Tether has a special place in the cryptocurrency ecosystem that makes it completely unlike Dogecoin. This special place means that the types of sketchy things that Tether is doing could ripple through the entire ecosystem.

1 comments

Clearly there may be a massive problem for Tether. Outside of Tether - I'm not seeing the ramifications, other than exchanges are going to have to use different stable coins. I remember when LTC and FTC used to be legit trading pairs on exchange websites. Whether or not Tether is legit seems pretty uninteresting to me - my trading bots regularly go through thousands of USDT, and I've never once thought to myself "Oh, I can redeem this for 1USD." It's just a utility token, and if it dies, something will fill the void after a brief panic.

To me, this just seems very overblown.

>> Outside of Tether - I'm not seeing the ramifications

Total liquidity in the market is probably a very small fraction of the market cap. If Tether has been pumping in fake liquidity, in effect creating fake demand, there could be a relative demand crash as that leaves the market, and there would be a relative fall in the (apparent) availability of USD.
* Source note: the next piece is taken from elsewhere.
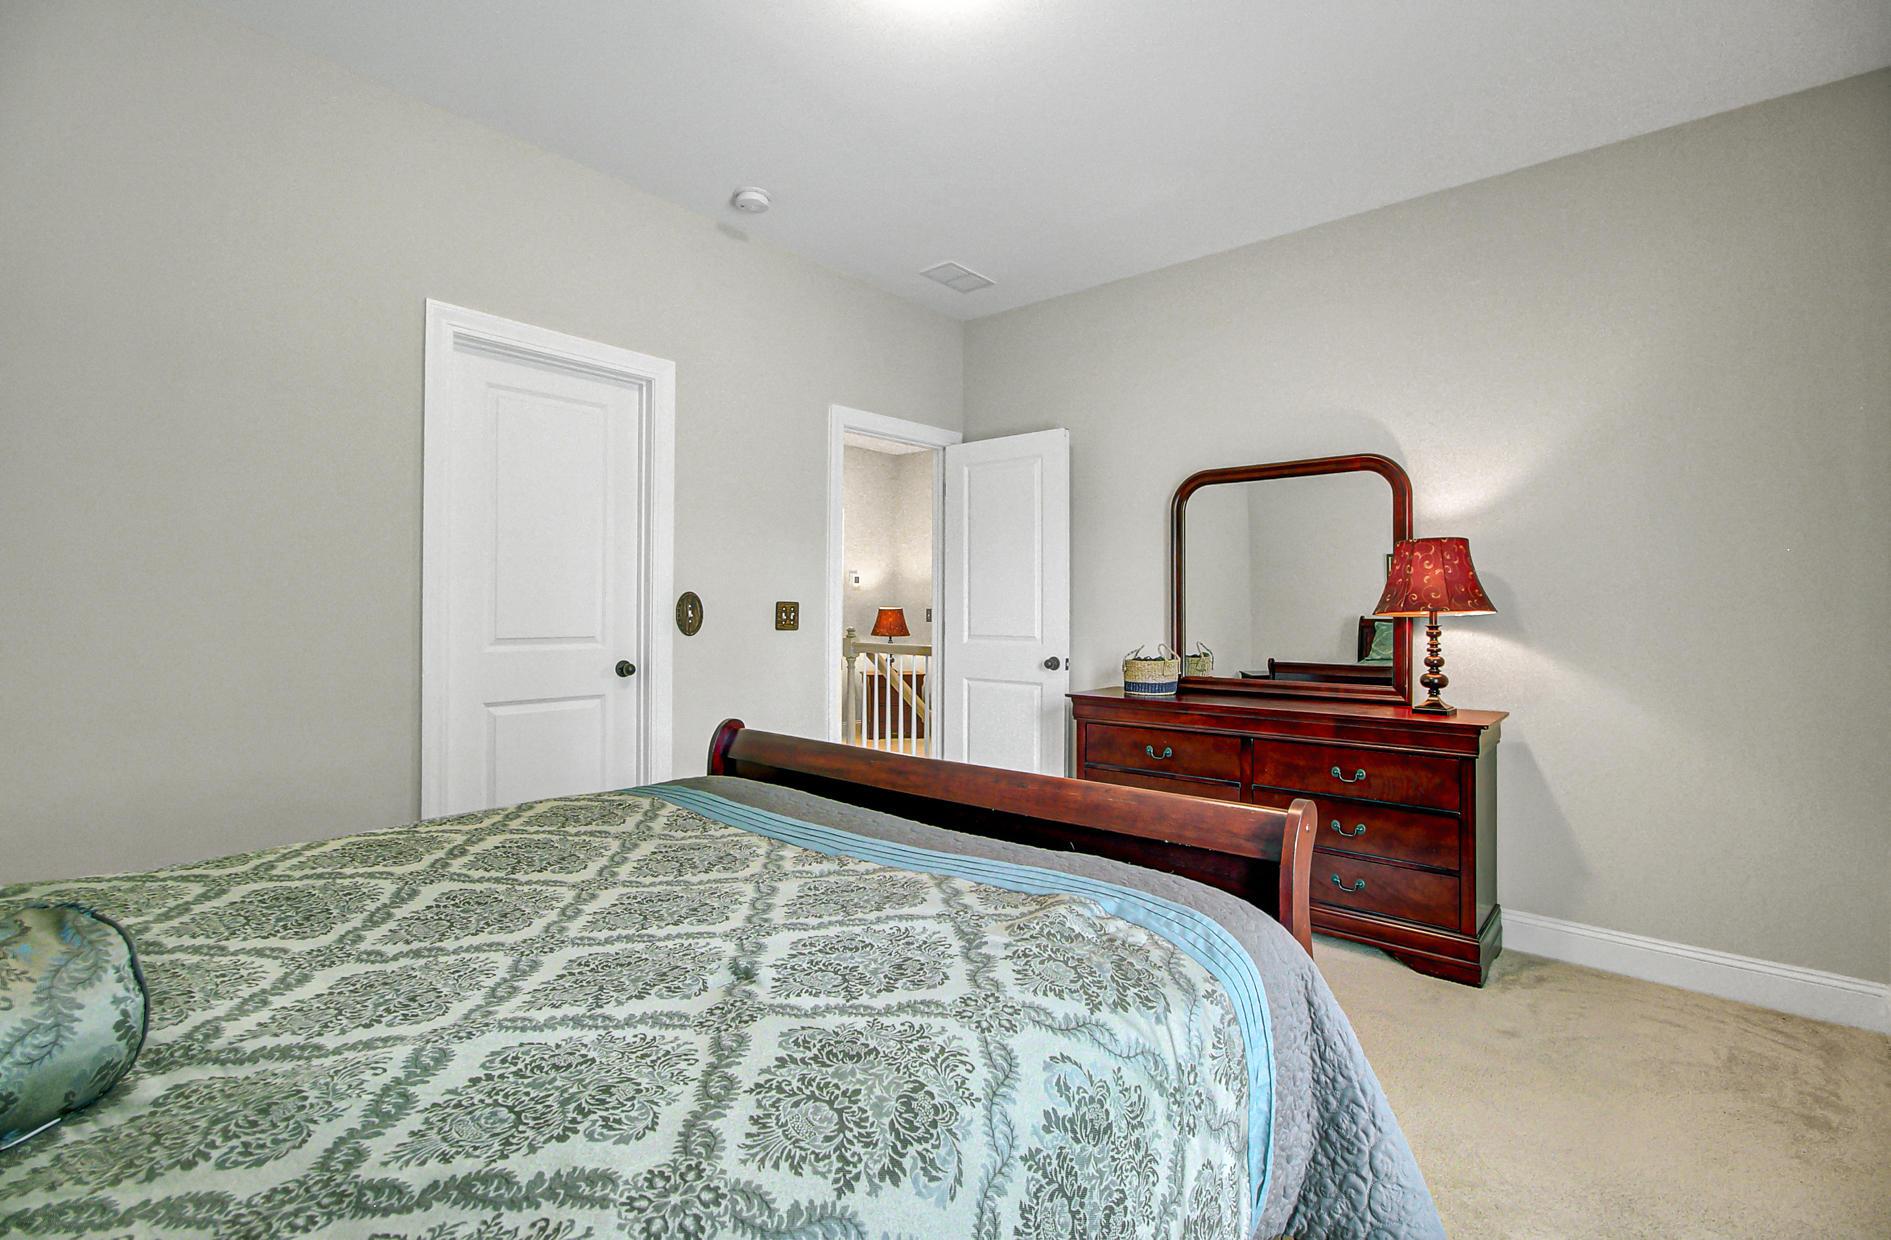 Park West Homes For Sale - 2824 Wagner, Mount Pleasant, SC - 33
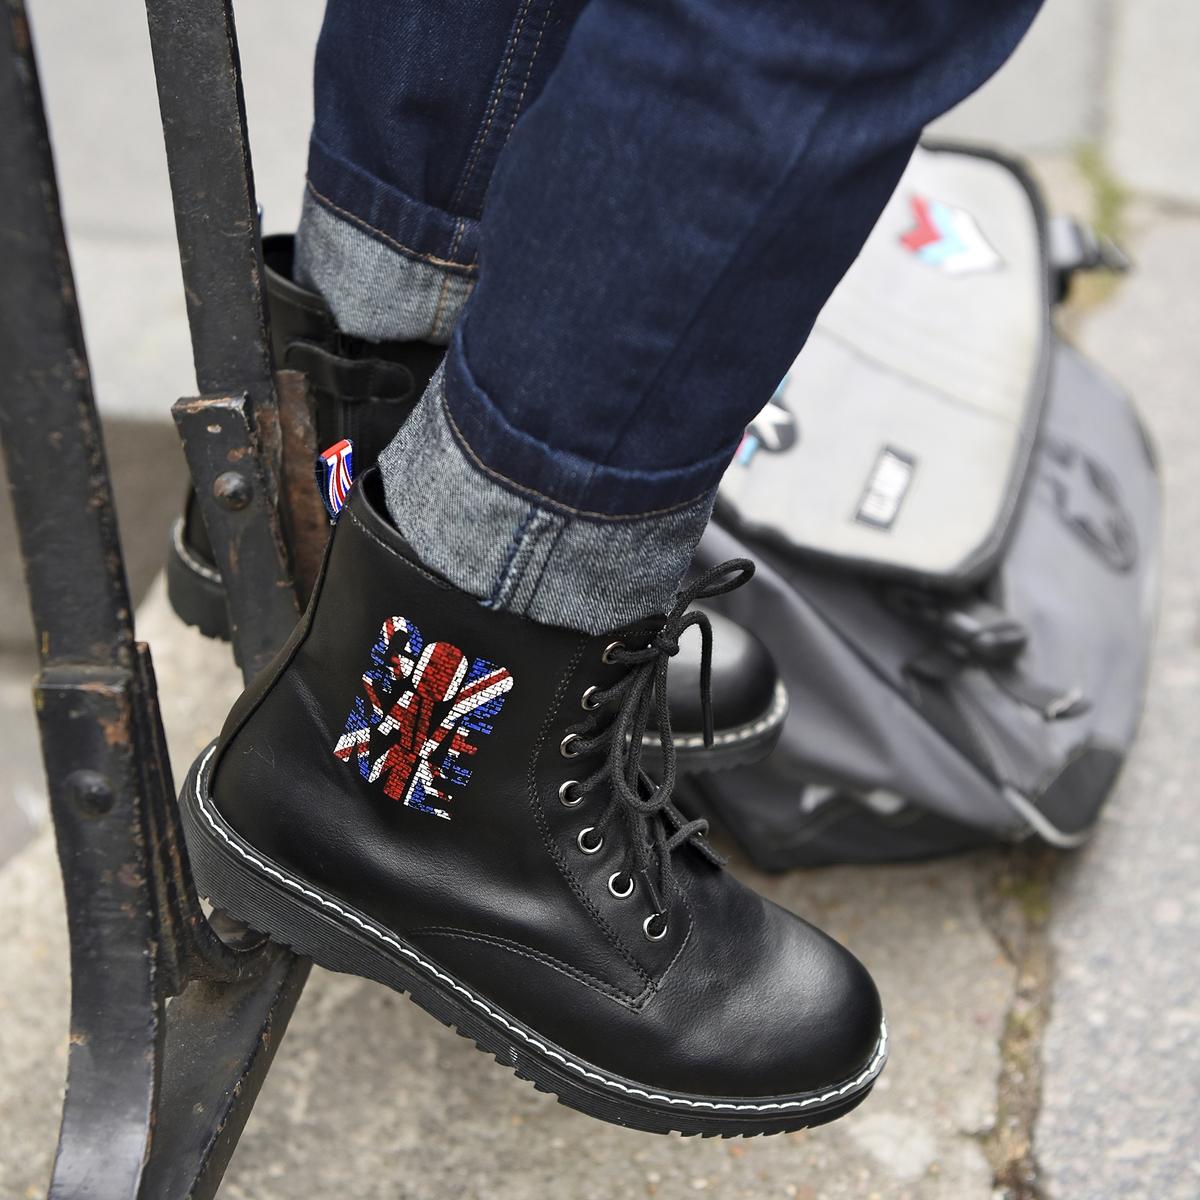 Ботинки на молнии со шнуровкой 30-39

That would add to the effect of people desperately trying to flee tether to the comparative safety of real US dollars, which is likely to mean the tether/BTC, tether/ETH tether/whatever rates rocket as people try to get out of positions on tether exchanges. Then a fall in the coin prices as said folks transfer to other exchanges and try to cash out to dollars. And given there are now fewer dollars in circulation than was thought, it could be a bloodbath.

If other exchanges are above board in their dealings, and the coins and cash are where they should be, and withdrawals don't grind to a halt, then that could be as far as it goes. If they aren't, and if they have trouble paying out, it could take exchanges down.

Did the Lehman Brothers collapse affect anyone who wasn't their customer or employee?

Tether is big enough that it could send similar shockwaves.